Uncontrollable Prosody

Post by moshe »

I've tried setting prosody for both Cepstral (David) and Tom (RealSpeak) voices; neither one works correctly.

<prosody rate="1.0"> produces output that's ludicrously slow.

<prosoday rate="medium"> produces output that's ludicrously fast.

I'm setting the voicename property to change voices globally, I'm running this on my hosted developer account, and I'm not explicitly setting the language.

This problem smells as if I'm only changing the gender of the speaker but I'm not actually getting the Cepstral or RealSpeak TTS engines, and instead I'm getting generic known-problem AT&T.

support
Posts: 3632
Joined: Mon Jun 02, 2003 3:47 pm
Location: Boston, MA
Contact:

IVR issue for Uncontrollable Prosody

Post by support »

Hi,

When you first log in to your IVR account and go into your "Account" page, it should tell you what TTS engine you are using.
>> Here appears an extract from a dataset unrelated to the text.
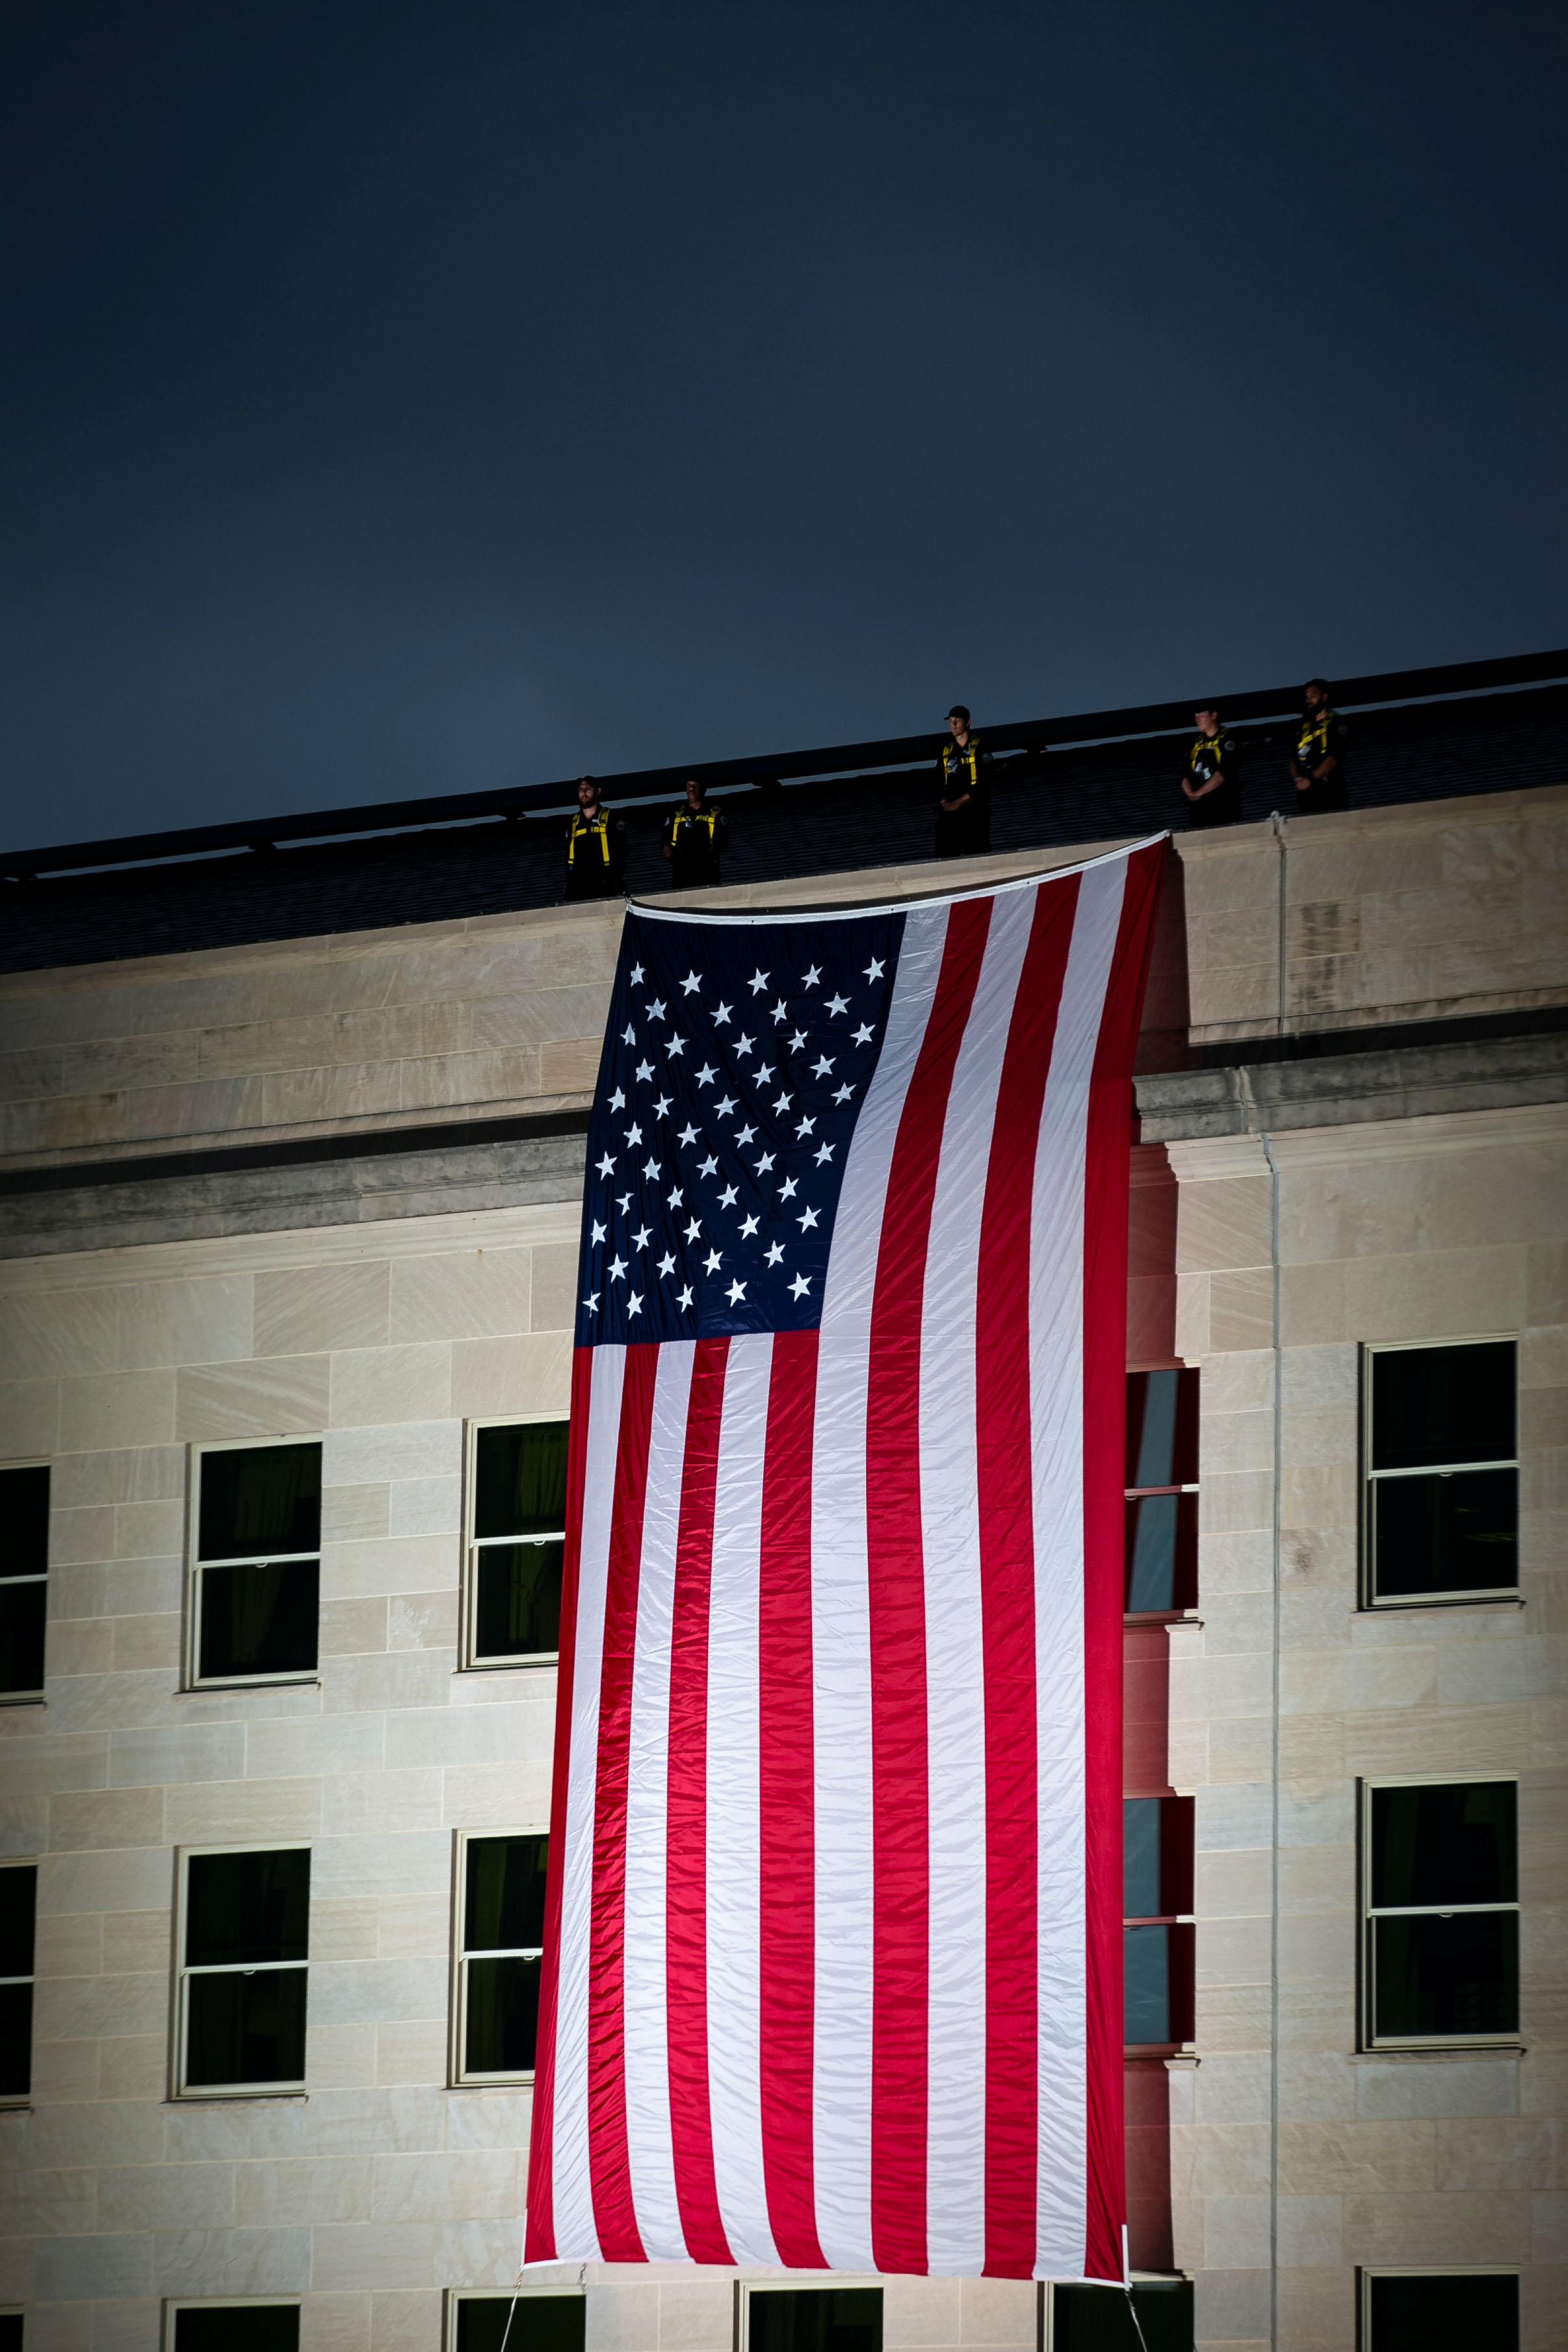 تنكيس الأعلام حدادا على أرواح ضحايا 11 سبتمبر

If your TTS engine is not set to either Realspeak or Cepstral, you cannot test the voices of David (Cepstral) or Tom (Realspeak).
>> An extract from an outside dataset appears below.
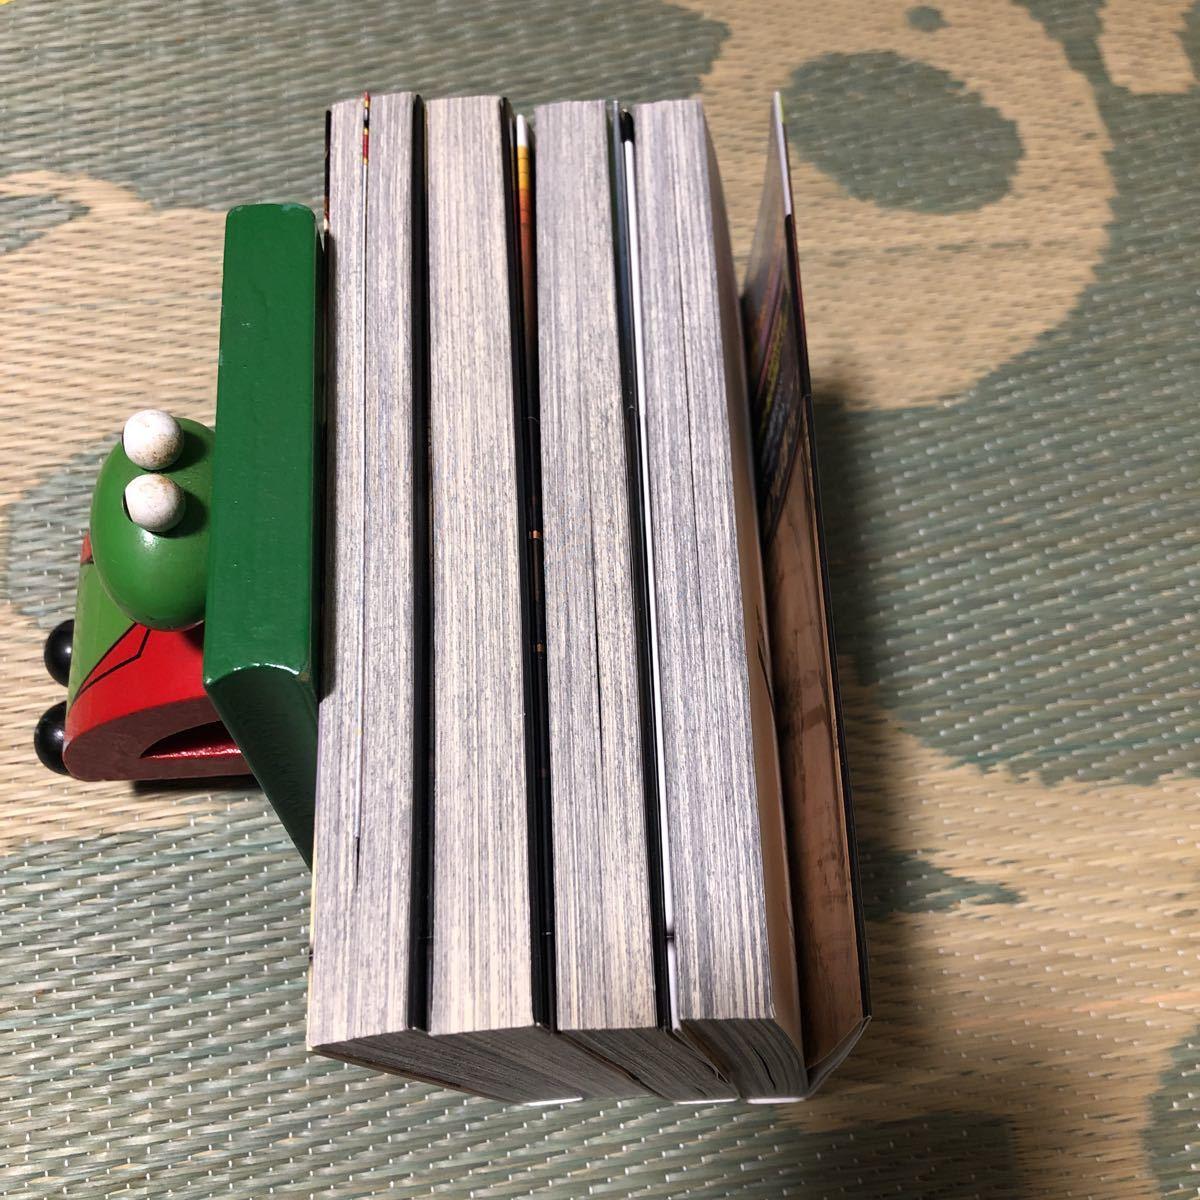 進撃の巨人 進撃の巨人 12巻~15巻 限定版 初版 本のみ 4冊セット 中古 2

Also, Realspeak and Cepstral are only offered for on-site IVR hosting systems.

For more information on the IVR tag, <prosody>, click here:
http://www.plumvoice.com/docs/dev/voicexml:tags:prosody

Regards,
Plum Support
Last edited by support on Wed Feb 24, 2010 4:45 pm, edited 4 times in total.

moshe
Posts: 66
Joined: Wed Aug 15, 2007 5:36 pm
Location: Chicago
Contact:

Post by moshe »

"on-site" hosting means -- what, exactly? My premises, or your hosting service?

Also, is it possible to request a switch to Cepstral or RealSpeak for use on the developer's platform?

support
Posts: 3632
Joined: Mon Jun 02, 2003 3:47 pm
Location: Boston, MA
Contact:

IVR hosted account

Post by support »

Hi,

Sorry for the confusion. Let me try to clarify. I meant to say "on-site IVR system" earlier instead of "on-site IVR hosting systems".
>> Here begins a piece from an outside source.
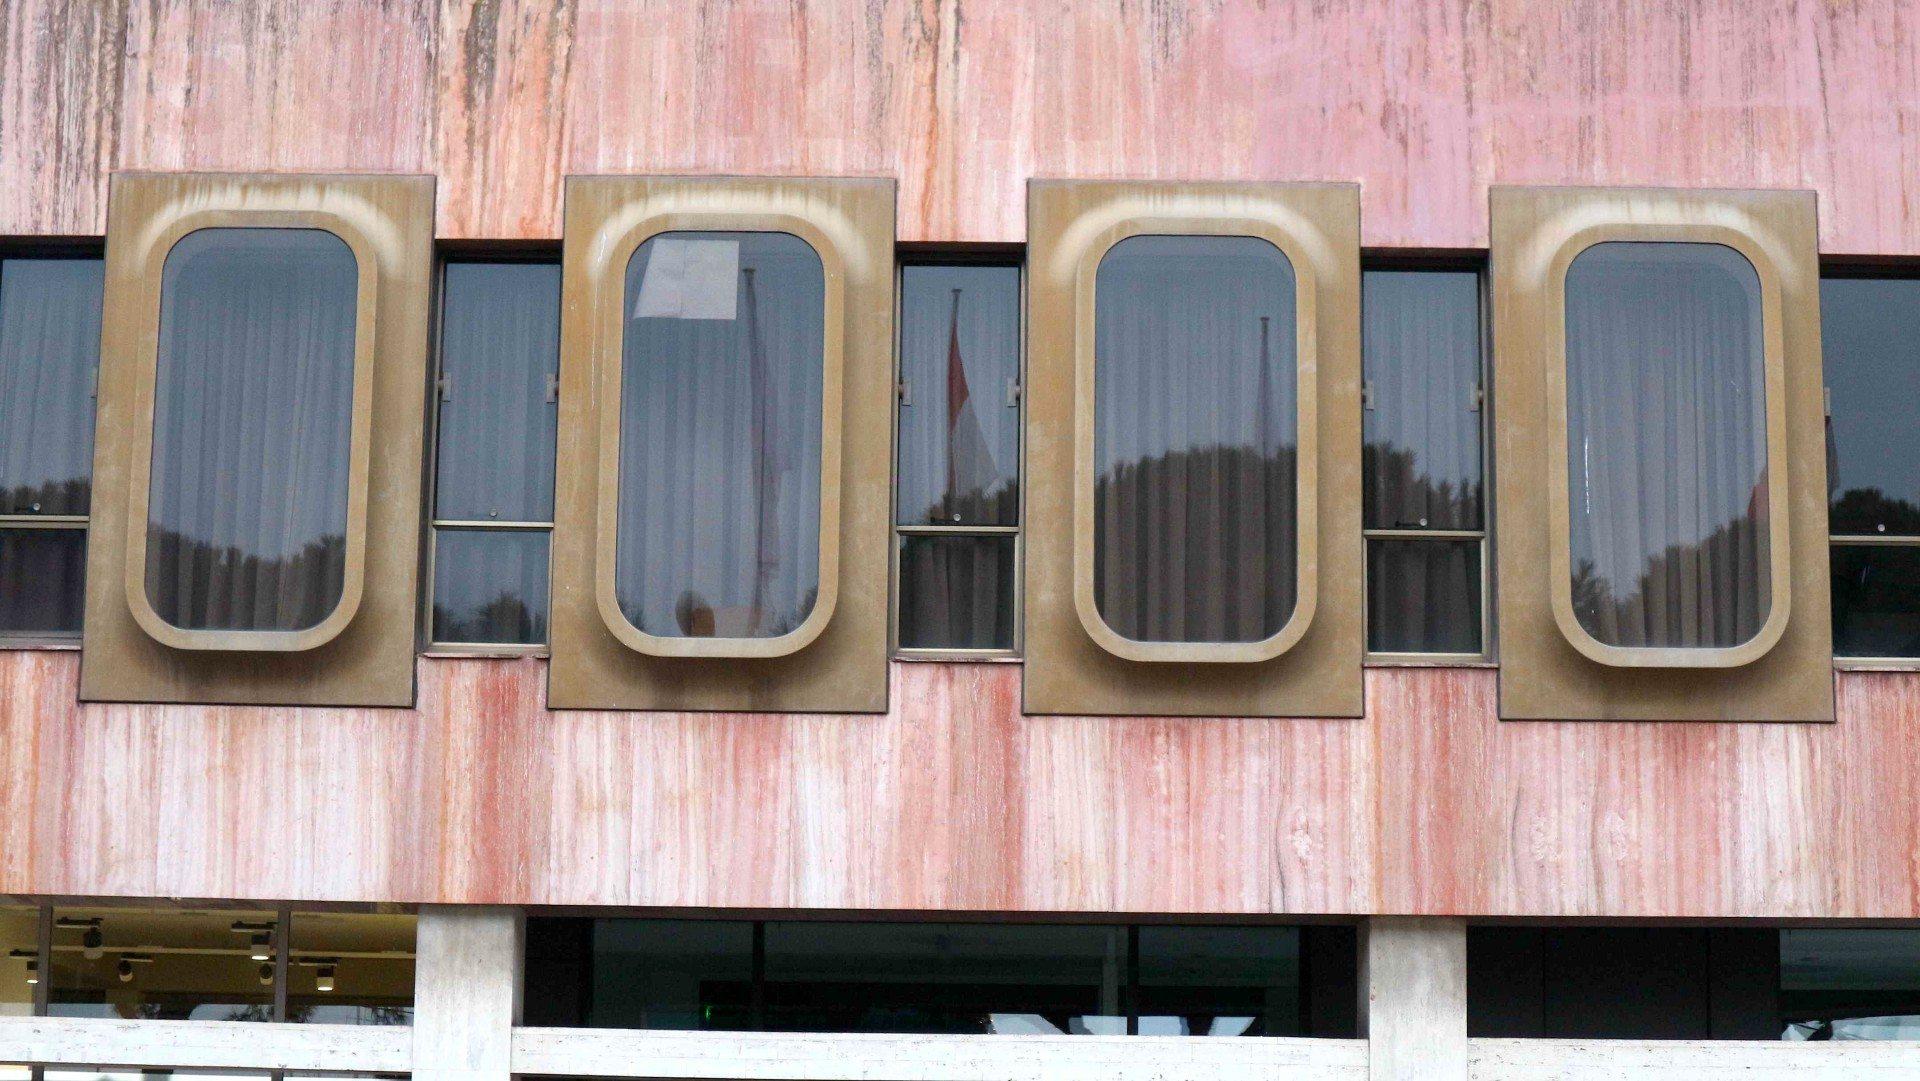 Credit Foncier de Monaco.  Die Glotzaugen-Fenster des Finanzinstituts

AT&T Natural Voices is the only TTS engine supported on the Plum IVR Hosting site. It is not possible to get this TTS engine switched to Cepstral or Realspeak if you have an hosted account.

However, we do offer alternate TTS options for on-site IVR systems. If you are interested in on-site IVR systems, you should contact your sales representative.

Regards,
Plum Support
Last edited by support on Wed Feb 24, 2010 4:45 pm, edited 4 times in total.

moshe
Posts: 66
Joined: Wed Aug 15, 2007 5:36 pm
Location: Chicago
Contact:

Post by moshe »

Even with the AT&T voices, I'm having quite a bit of trouble:

* The prosody seems to ignore the rate I set. If i use

<prosody rate="5">

I get very slow; if I use rate="medium" I get very fast; if I set rate="slow" I get slow (but not as slow as rate="1", which is supposed to set the rate to its base rate.)

* If I set prosody, the voice is always male. Even if I set the voicename property to an AT&T female voice (e.g., "julia"), I still get a male voice.

Any suggestions?

support
Posts: 3632
Joined: Mon Jun 02, 2003 3:47 pm
Location: Boston, MA
Contact:

Use commas before each digit to slow down speech in IVR scr

Post by support »

Hi,

If you had digits in your IVR script and wanted digits to be read slower, you could use commas before each digit to slow the speech down.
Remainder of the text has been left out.